Мой загадочный двойник - Харвуд Джон. Страница 10
Я содрогнулась, представив пронзительные вопли сумасшедших и звон цепей в ночи.
– Нет, дело не в пациентах, – сказал Фредерик, словно прочитав мои мысли. – В старом доме они никогда не содержались. Добровольные пациенты всегда размещались в среднем крыле, где мы с вами сейчас находимся, – оно было пристроено в начале семнадцатого века, – а все так называемые принудительные больные содержатся в новом здании, самом дальнем от старого дома. Дело в том… в общем, я страдал ночными кошмарами, а тогдашняя наша домоправительница миссис Блейзби играла на моих страхах, рассказывая мне перед сном леденящие кровь истории про призраков, и в конце концов я даже не знал, чего боюсь больше: заснуть или остаться бодрствовать. В таких старых домах никогда не бывает полной тишины: несметные полчища крохотных существ постоянно скребутся под полами и в стенах, не говоря уже о… – Он осекся, заливаясь краской. – Прошу прощения, мисс Феррарс… крайне неделикатно с моей стороны.
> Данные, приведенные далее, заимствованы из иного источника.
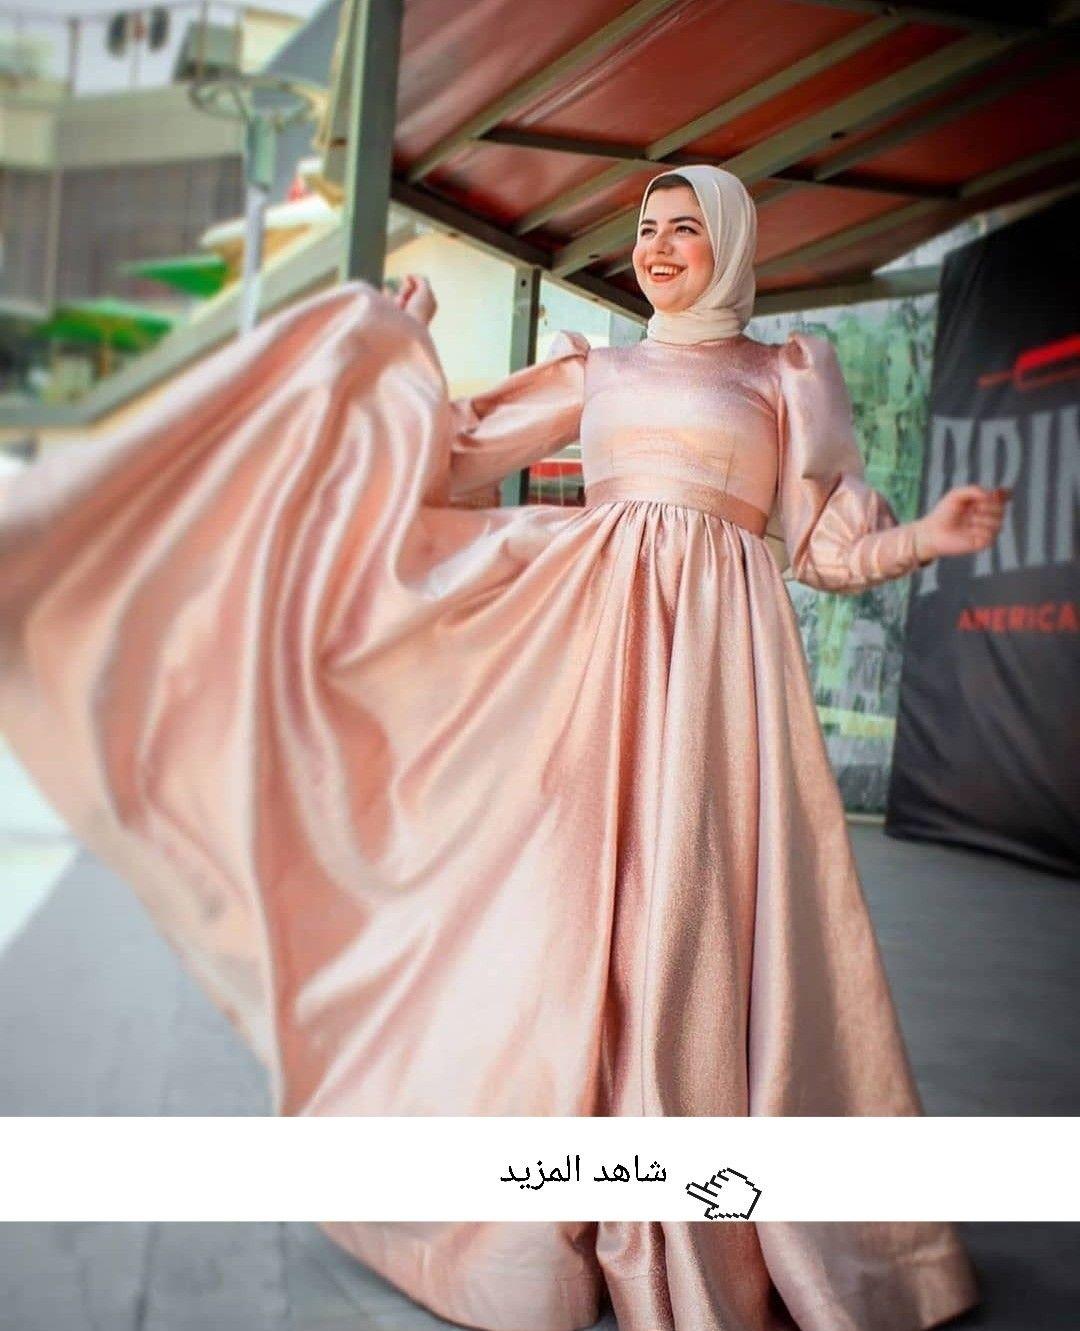 شاهدي اروع فساتين سهرة للمحجبات Formal Dresses Long Dresses Formal Dresses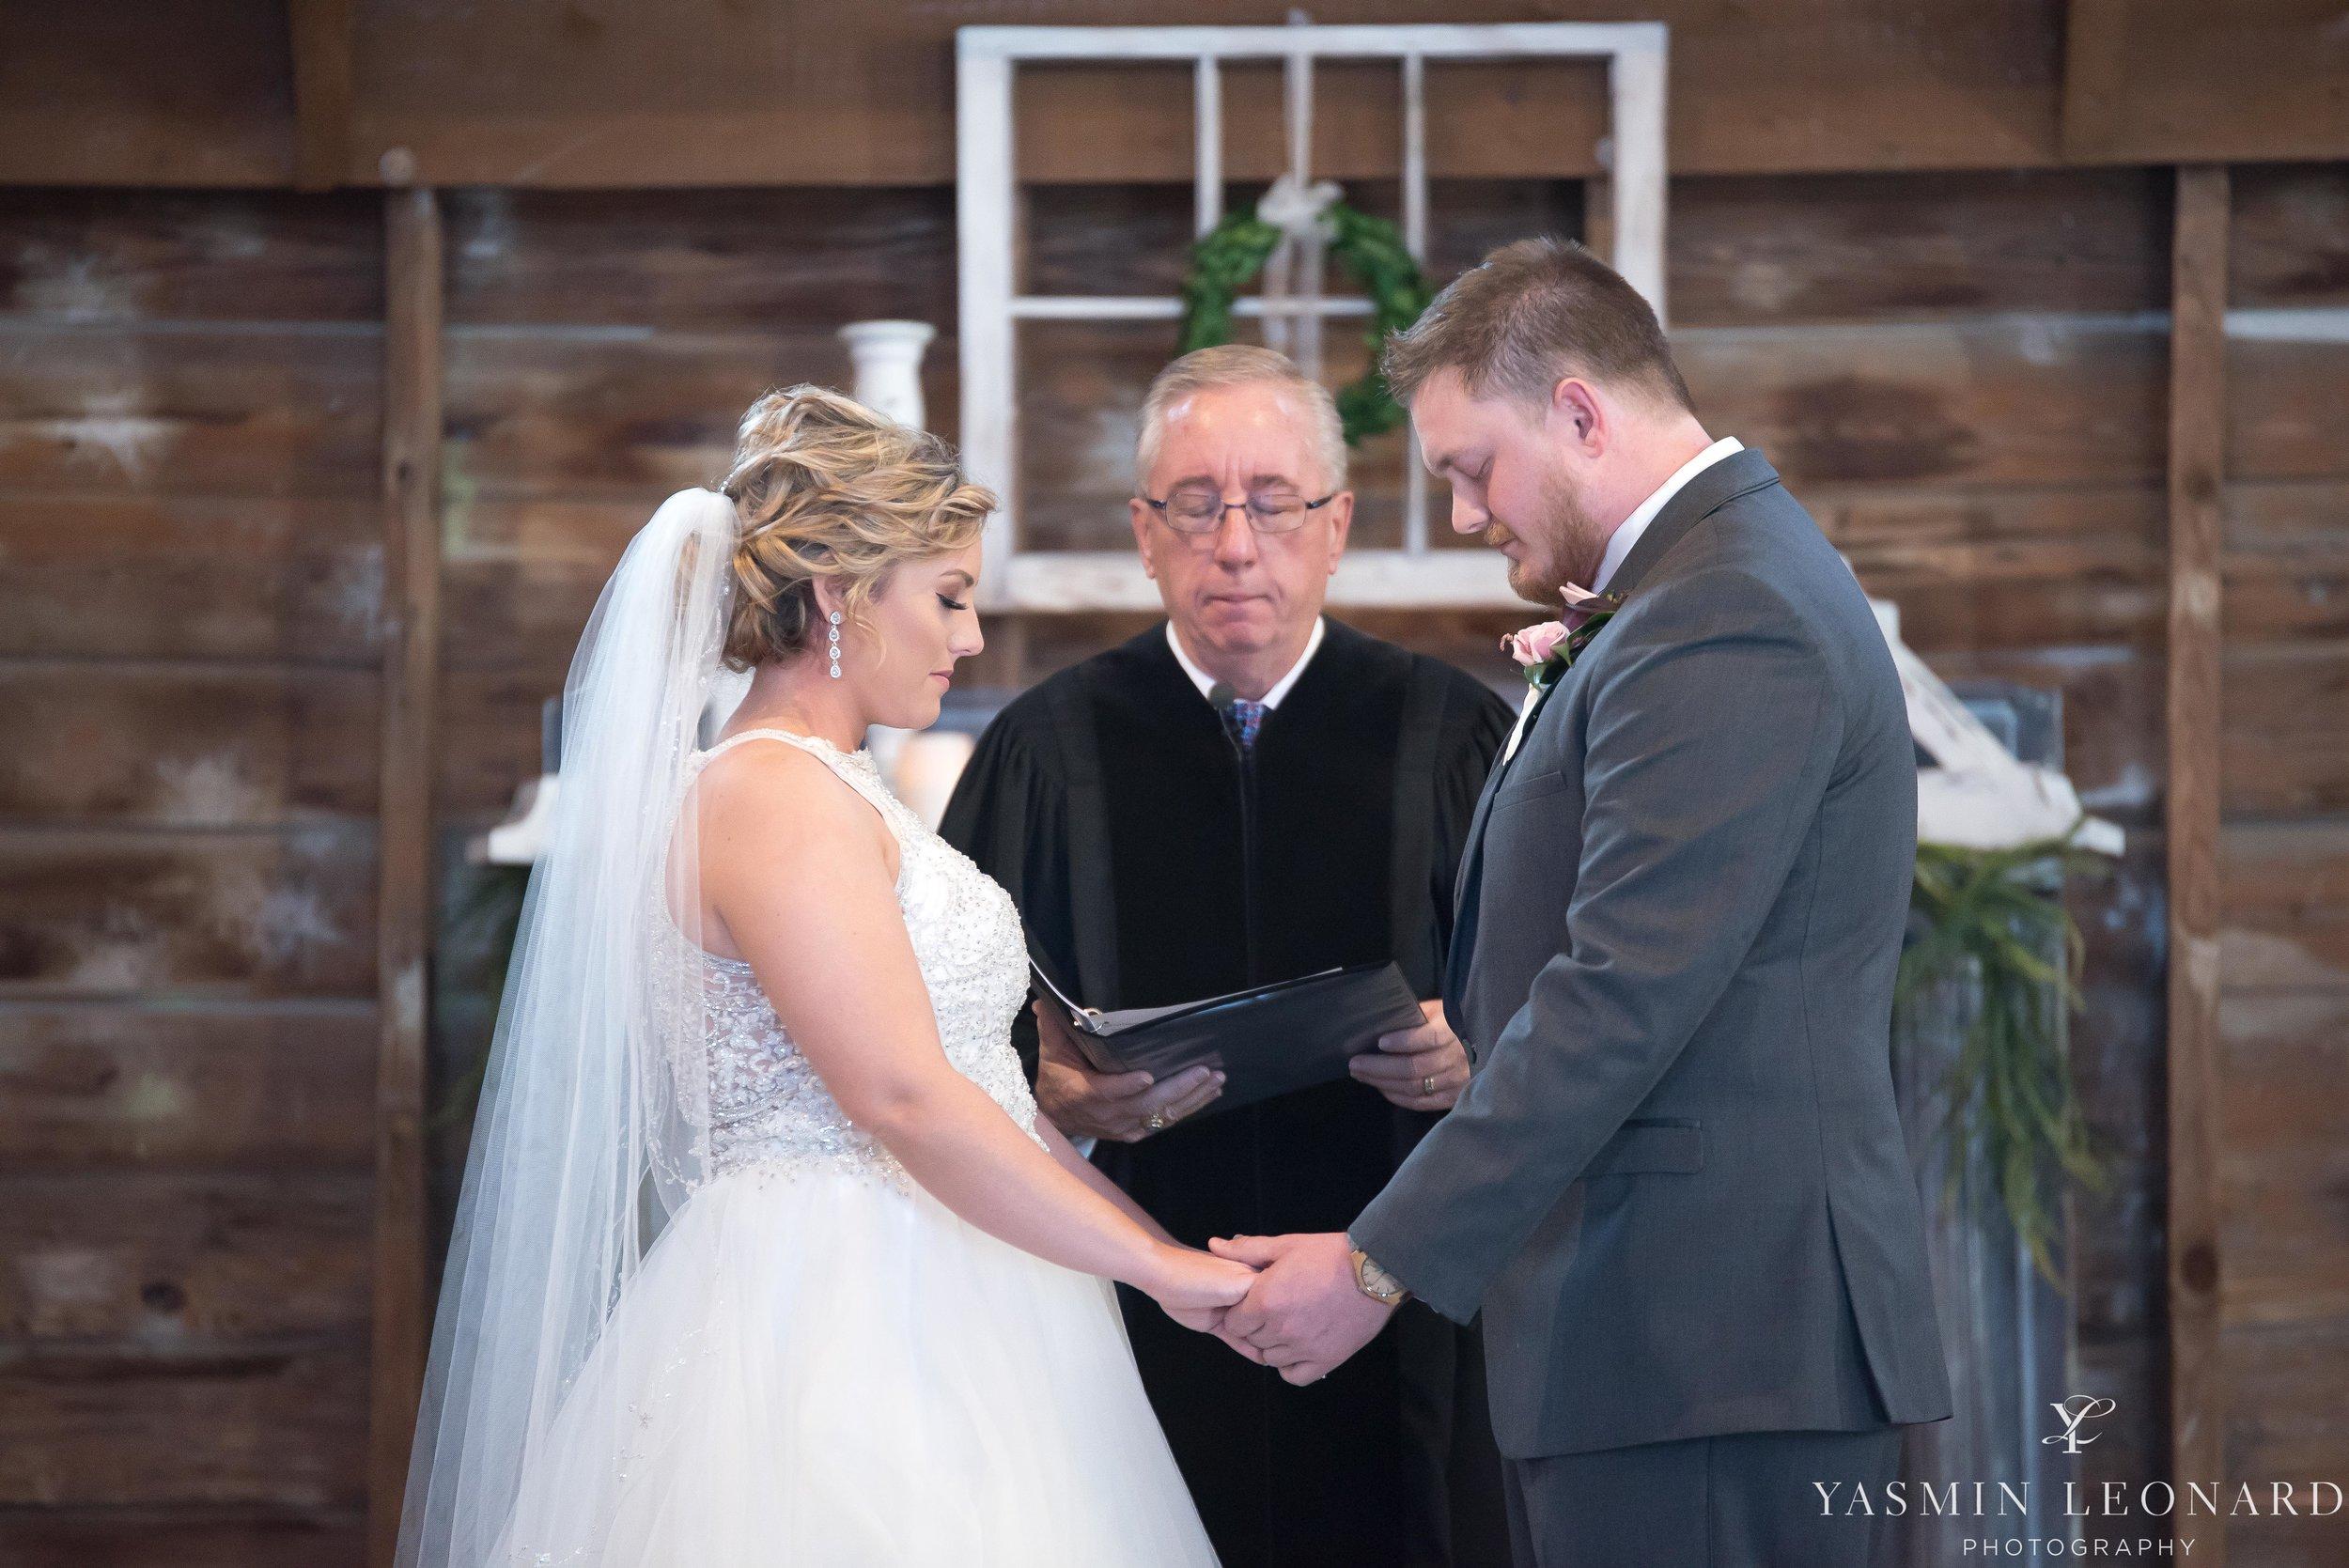 Millikan Farms - Millikan Farms Wedding - Sophia NC Wedding - NC Wedding - NC Wedding Photographer - Yasmin Leonard Photography - High Point Photographer - Barn Wedding - Wedding Venues in NC - Triad Wedding Photographer-45.jpg

– Вам нет надобности извиняться, я не боюсь мышей и крыс, если вы об этом. Но вы когда-нибудь… видели призрака?
Ответить мистеру Мордаунту помешало появление Беллы, пришедшей за подносом. При виде ее он встрепенулся и достал часы, явно что-то вспомнив:
– Ужасно жаль, мисс Феррарс, но мне нужно сделать одно важное дело, совсем из головы вылетело. Это займет около получаса. Но если вы не очень утомились, может быть, вы останетесь здесь у камина? Тогда по моем возвращении мы продолжим нашу беседу. Белла принесет вам все, что прикажете.
Я тотчас согласилась с превеликим удовольствием. Фредерик поспешно направился к двери и на пороге оглянулся, словно желая удостовериться, что я не исчезла, только он повернулся ко мне спиной. Белла, пряча улыбку, последовала за ним.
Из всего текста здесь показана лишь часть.